Characterizing Different Motility Induced Regimes in Active Matter with Machine Learning and Noise

TL;DR

This study uses machine learning and noise analysis to identify and characterize multiple regimes within motility-induced phase separation in active matter, revealing distinct dynamical and structural states.

Contribution

It introduces a combined approach of PCA-based order parameters and noise fluctuation analysis to distinguish active fluid, crystal, and critical regimes in MIPS.

Findings

Identification of three distinct MIPS regimes: active fluid, active crystal, and critical.

Machine learning captures dynamical properties better than standard structural measures.

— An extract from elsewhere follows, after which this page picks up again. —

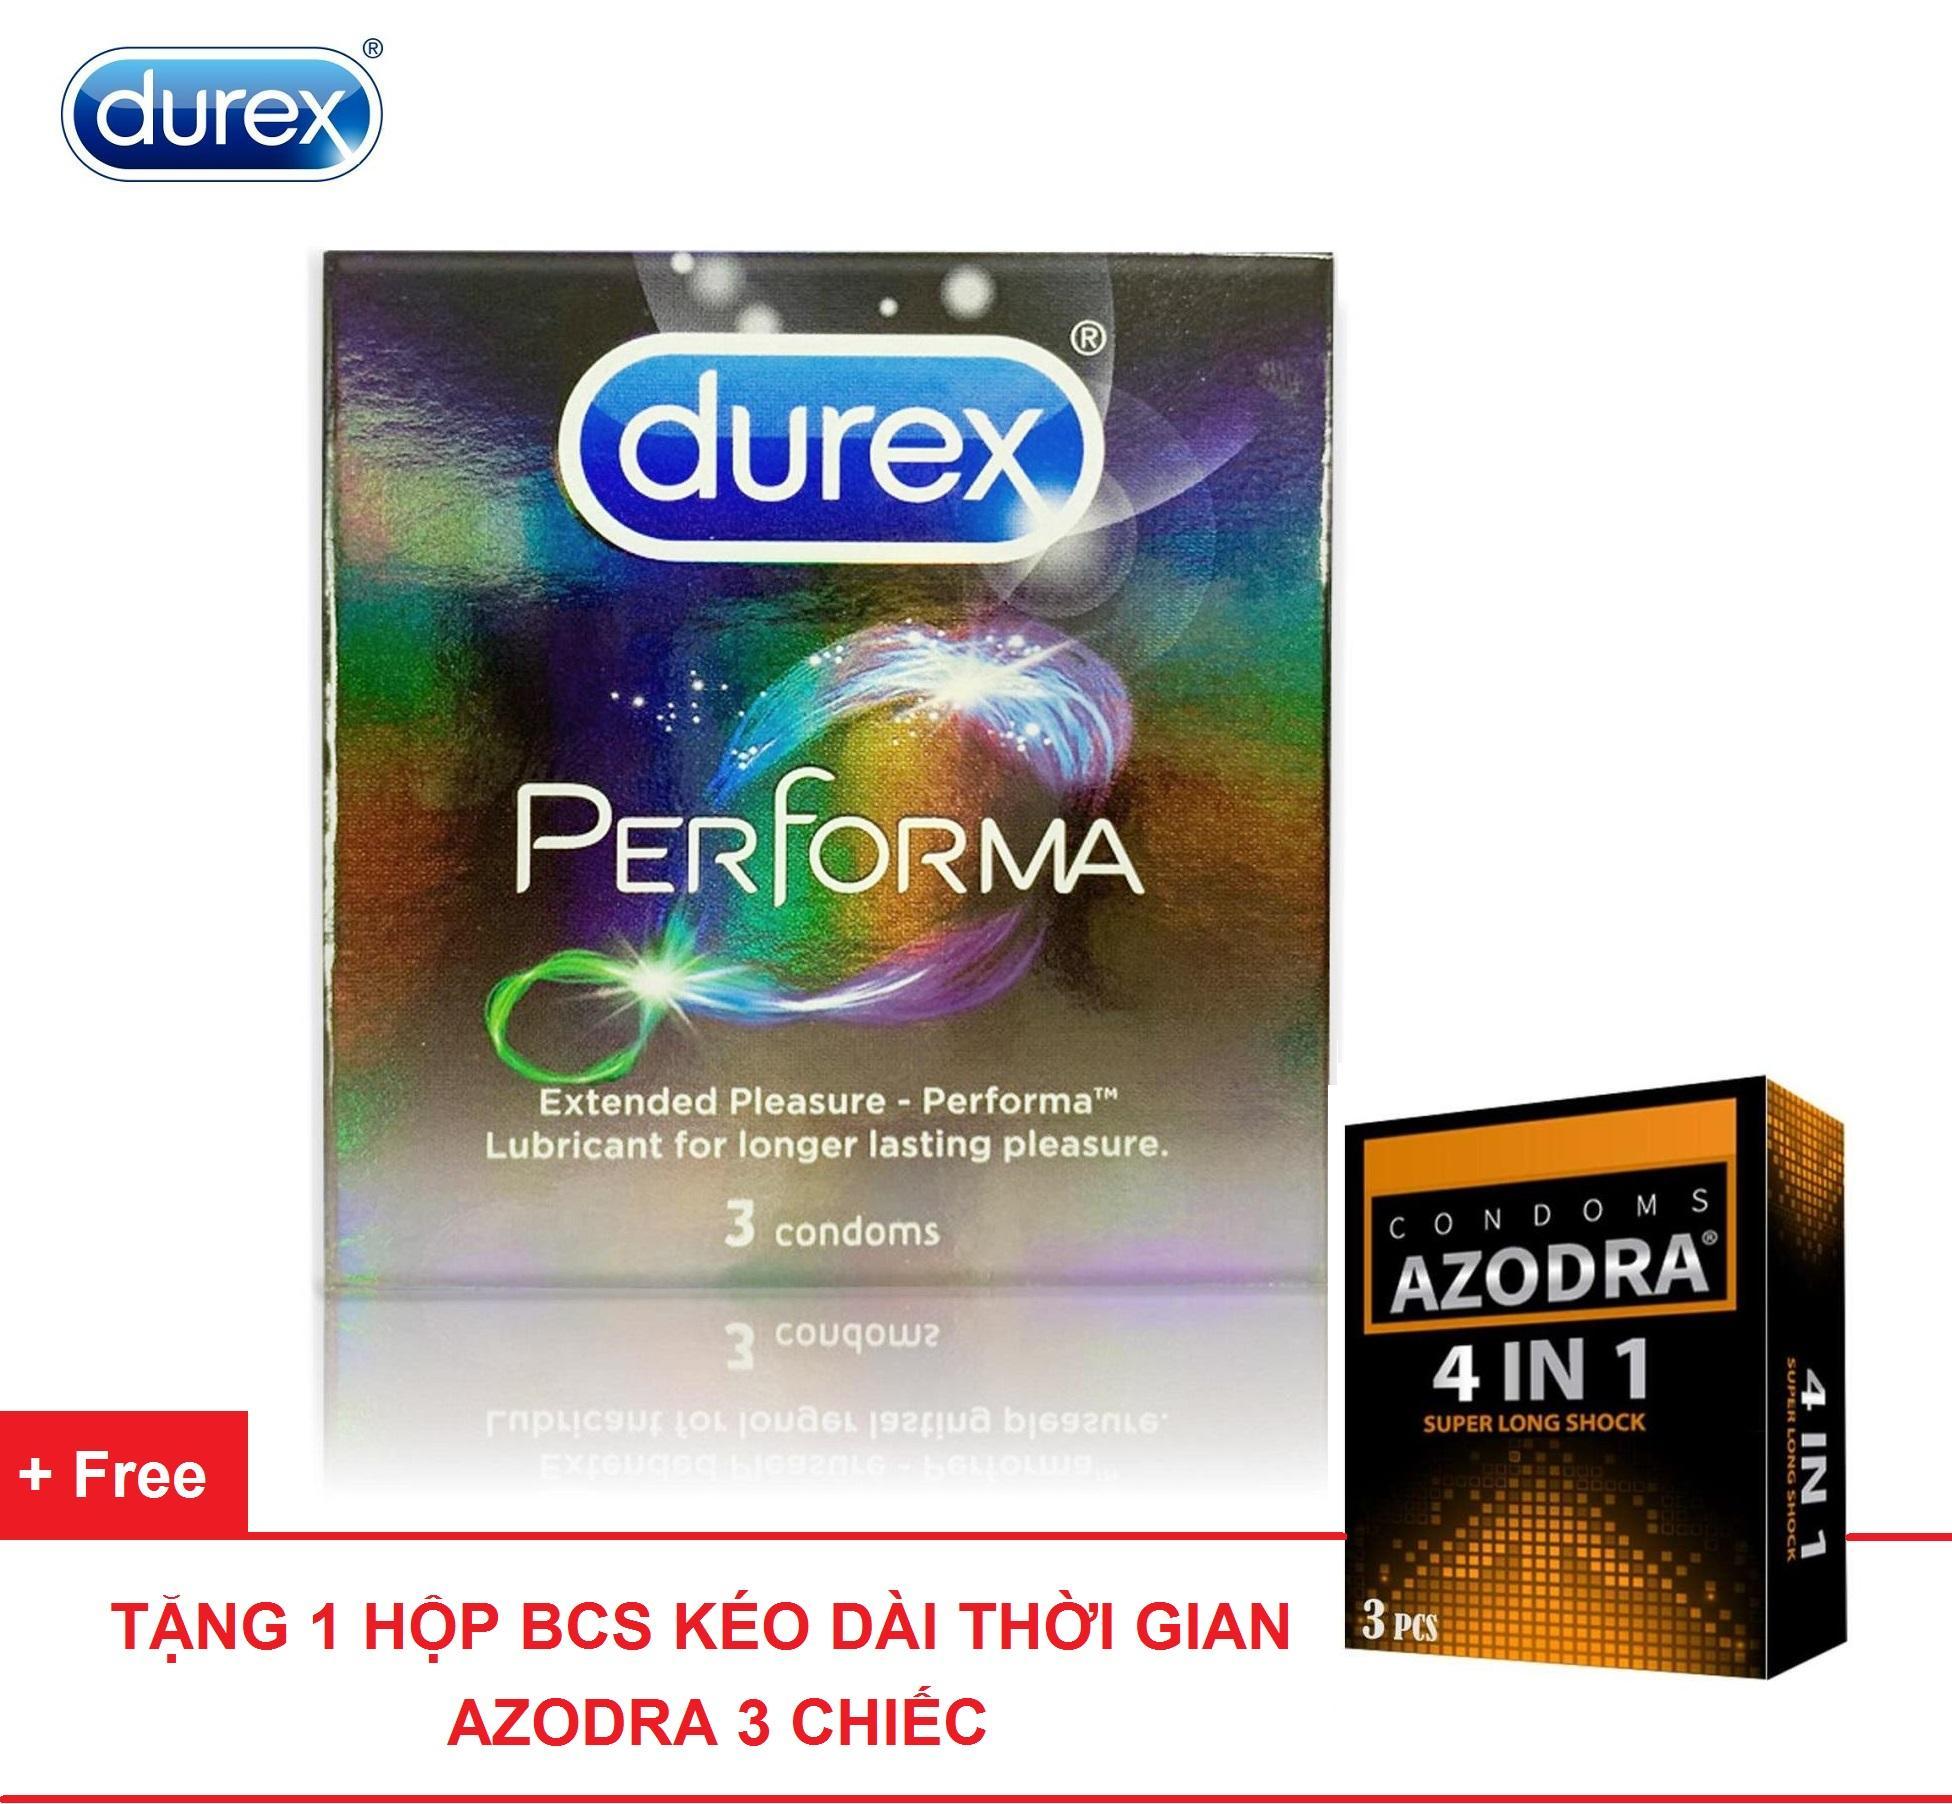 Combo 1 hộp Bao cao su kéo dài thời gian Durex Performa 3 chiếc tặng 1 hộp bcs AZODRA 3 chiếc

Critical regime exhibits maximum noise power with a 1/f^{1.6} spectrum.

Abstract

We examine motility-induced phase separation (MIPS) in two-dimensional run and tumble disk systems using both machine learning and noise fluctuation analysis. Our measures suggest that within the MIPS state there are several distinct regimes as a function of density and run time, so that systems with MIPS transitions exhibit an active fluid, an active crystal, and a critical regime. The different regimes can be detected by combining an order parameter extracted from principal component analysis with a cluster stability measurement. The principal component-derived order parameter is maximized in the critical regime, remains low in the active fluid, and has an intermediate value in the active crystal regime. We demonstrate that machine learning can better capture dynamical properties of the MIPS regimes compared to more standard structural measures such as the maximum cluster size. The different regimes can also be characterized via changes in the noise power of the fluctuations in the average speed. In the critical regime, the noise power passes through a maximum and has a broad spectrum with a $1/f^{1.6}$ signature, similar to the noise observed near depinning transitions or for solids undergoing plastic deformation.